***** GIVEN MATERIAL
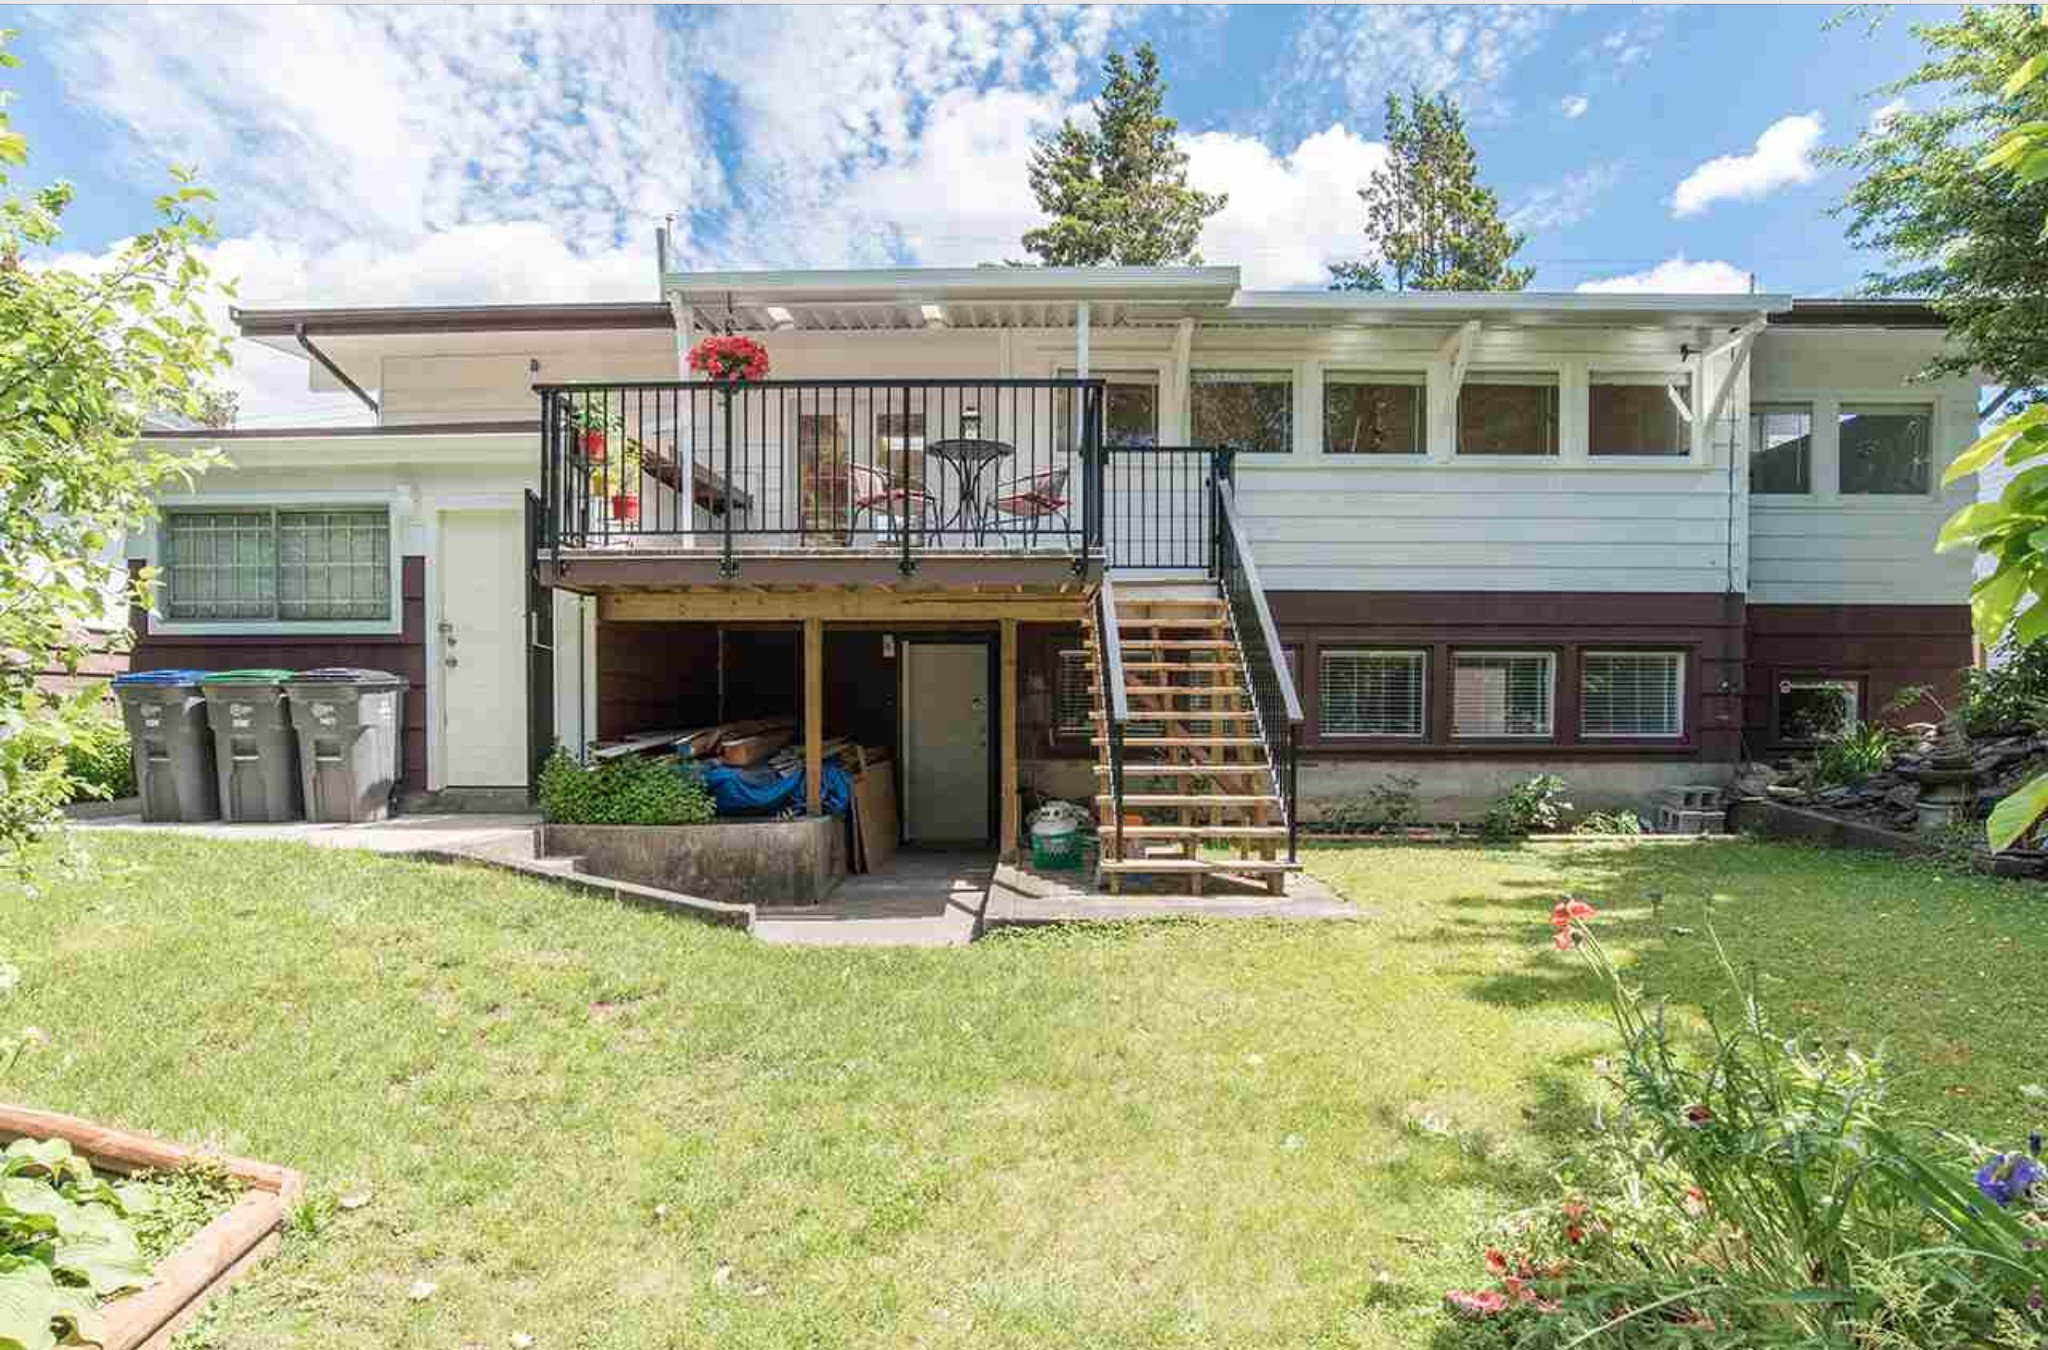 Photo 19: Photos: 10327 127A Street in Surrey: Cedar Hills House for sale : MLS®# R2178137
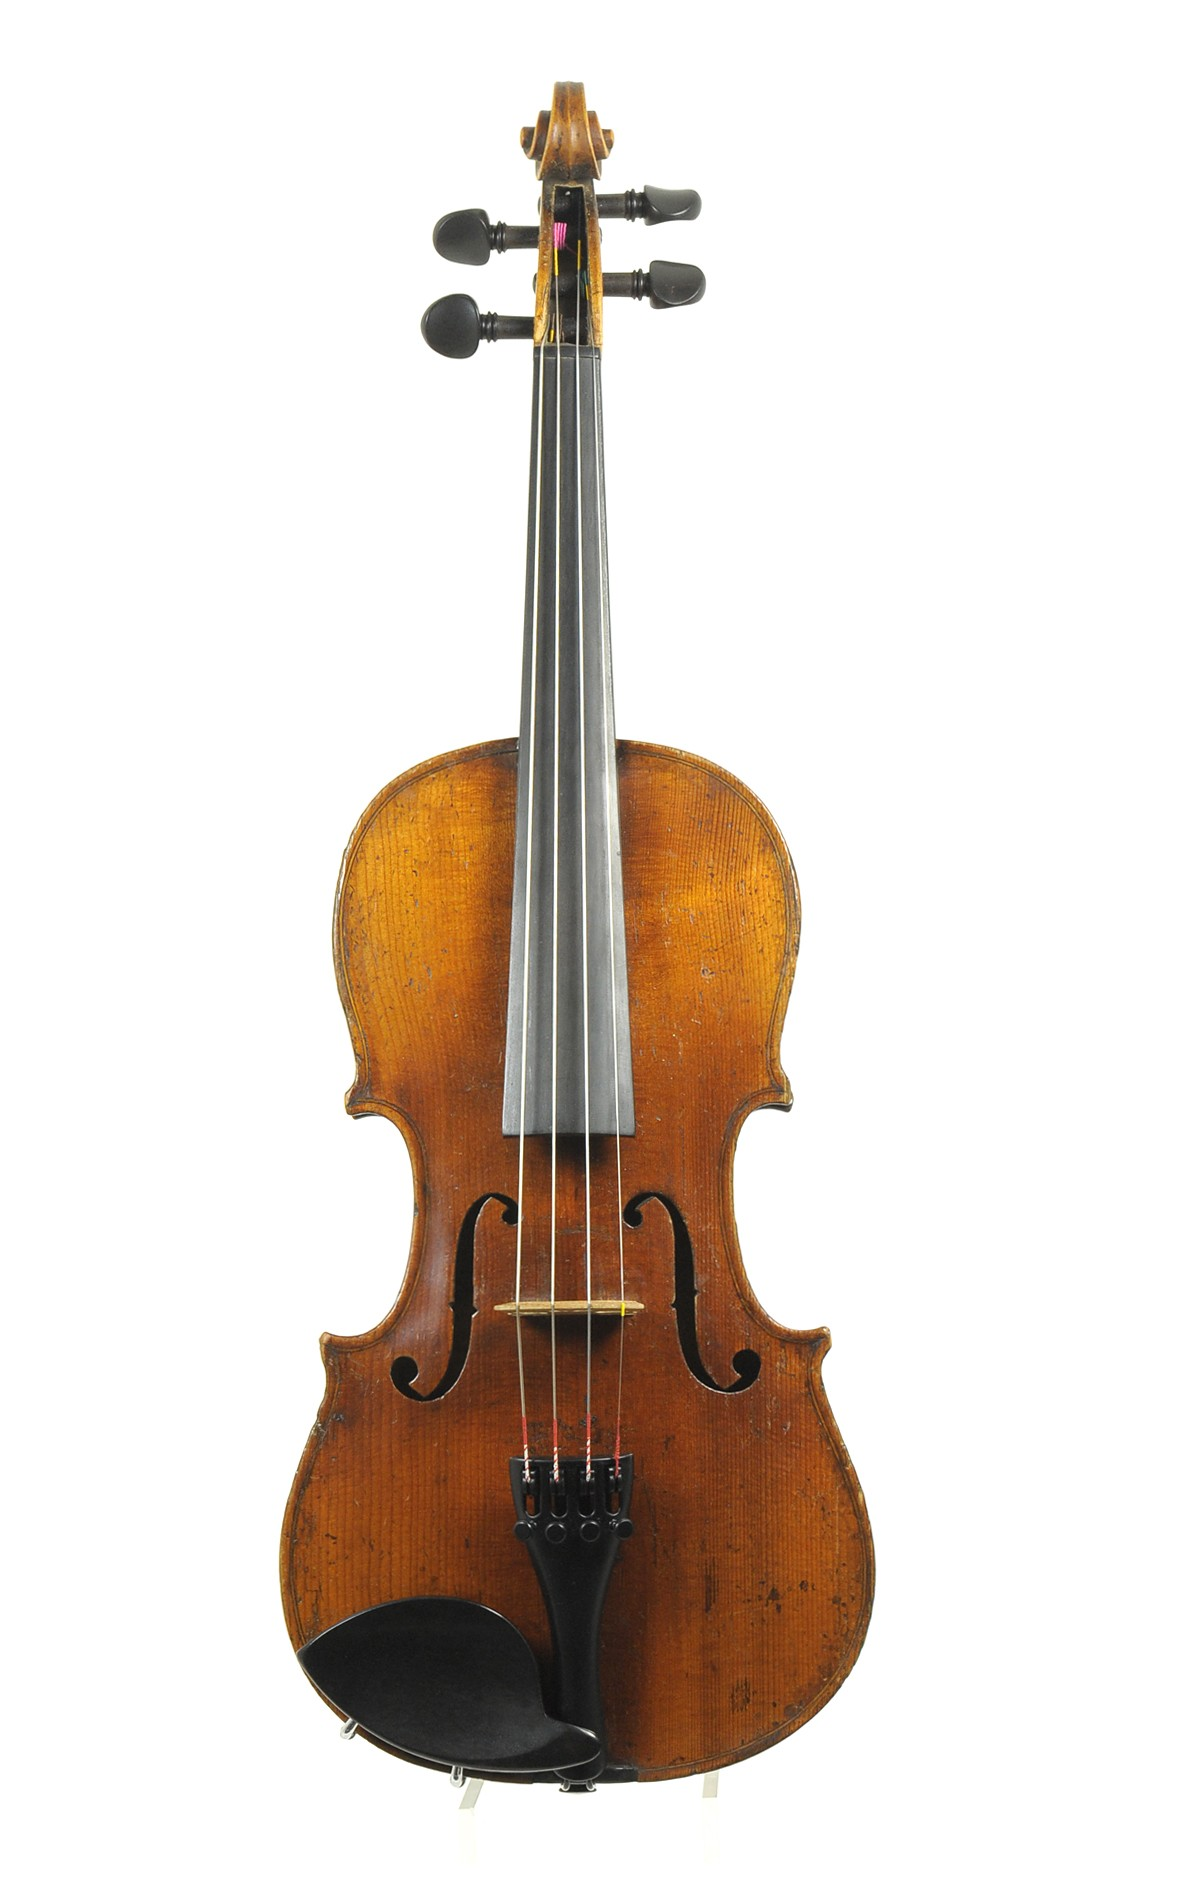 3/4 violin, Hopf workshop Klingenthal, 19th century
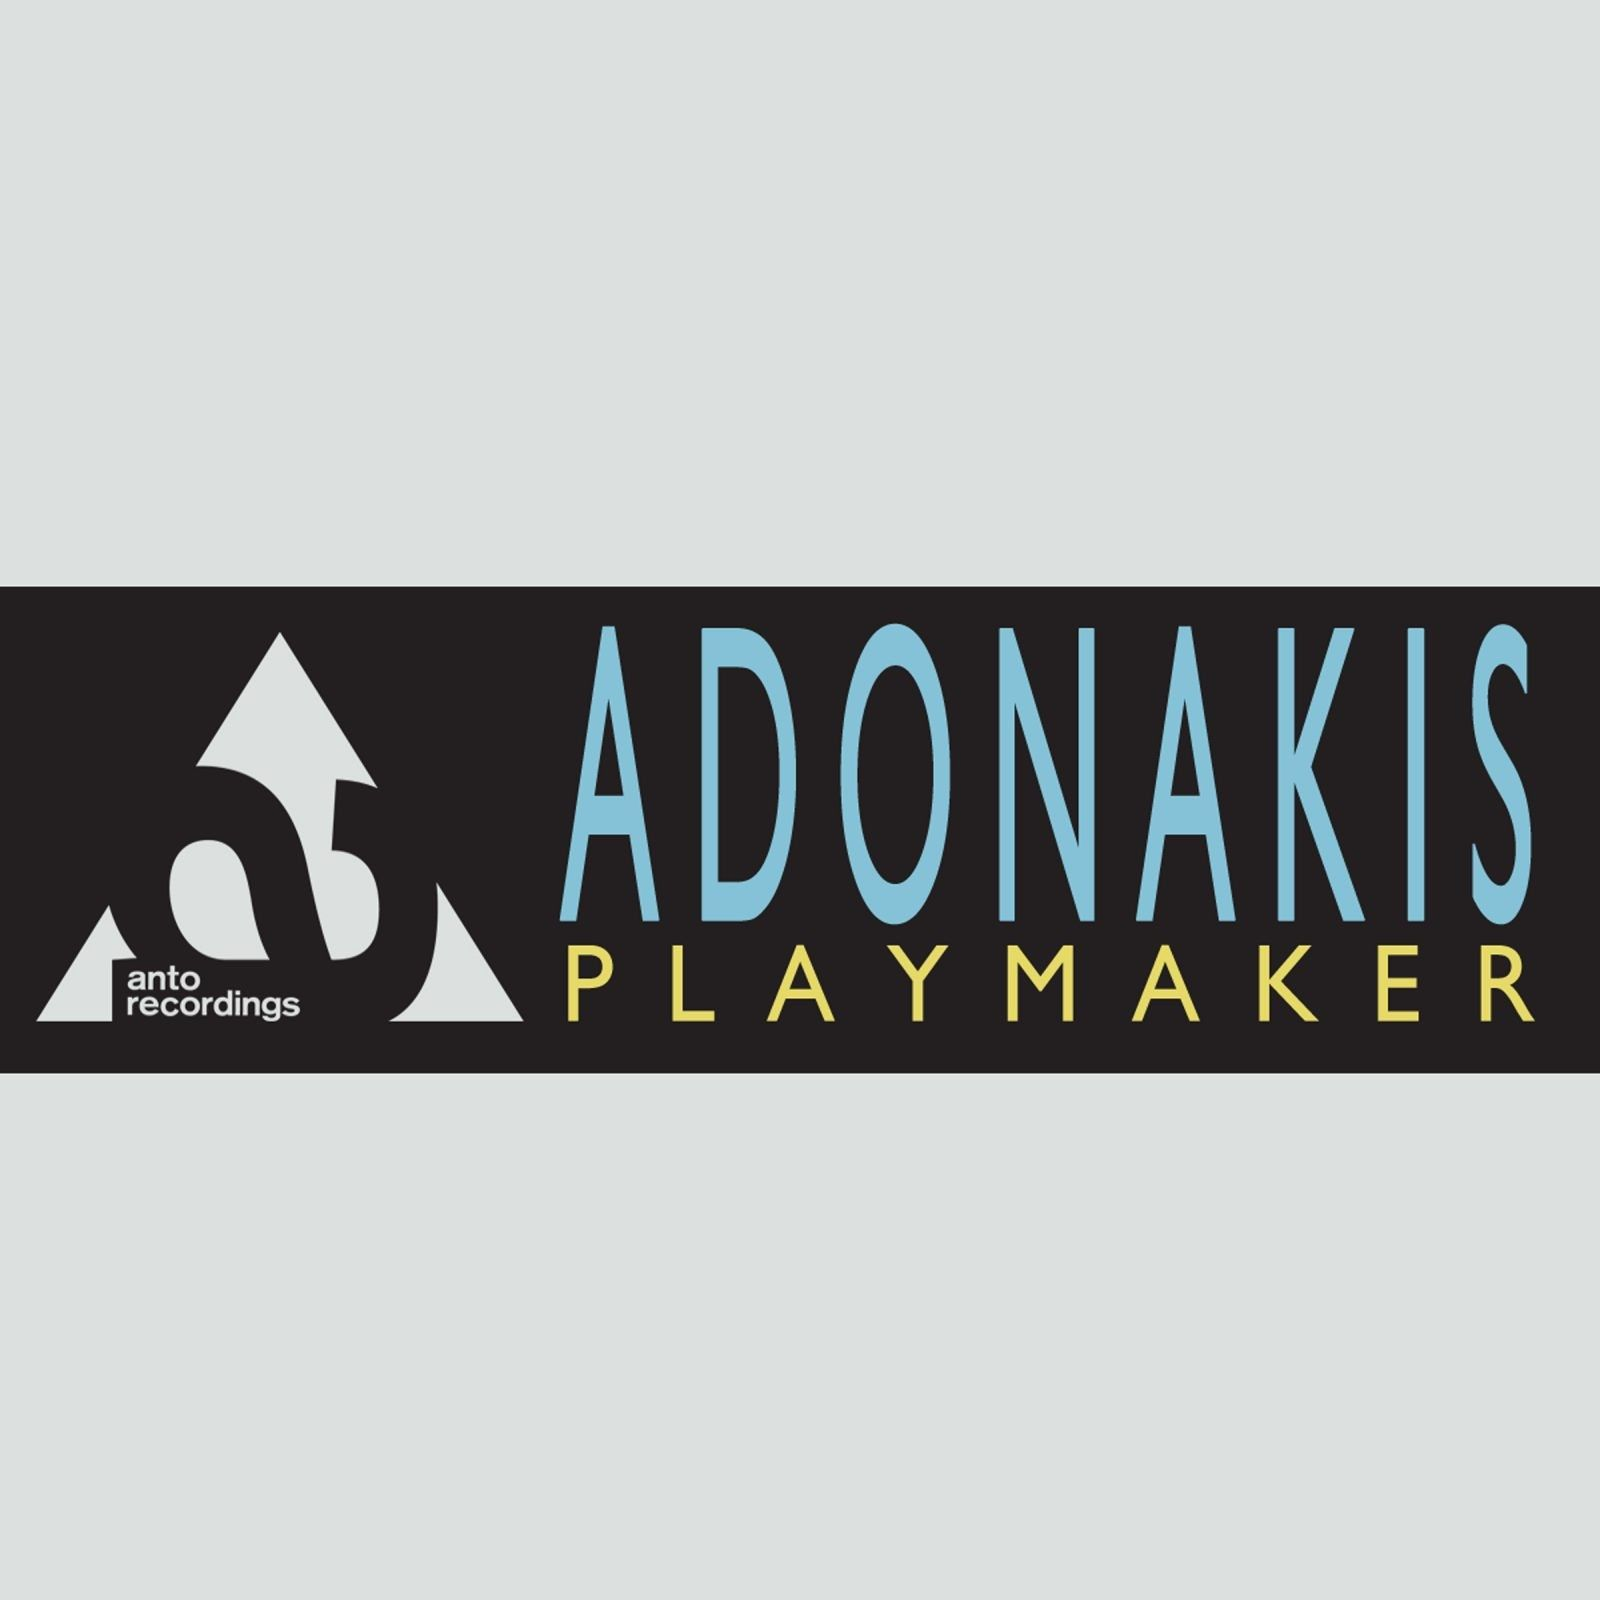 artworkplaymaker2400x2400.jpg
**********
*EXERCISE OBJECTIVE*
Your task is to repeat the listing exactly while omitting its pictures.

*RESPONSE AREA*
 Photo 19: Photos: 10327 127A Street in Surrey: Cedar Hills House for sale : MLS®# R2178137
 3/4 violin, Hopf workshop Klingenthal, 19th century
 artworkplaymaker2400x2400.jpg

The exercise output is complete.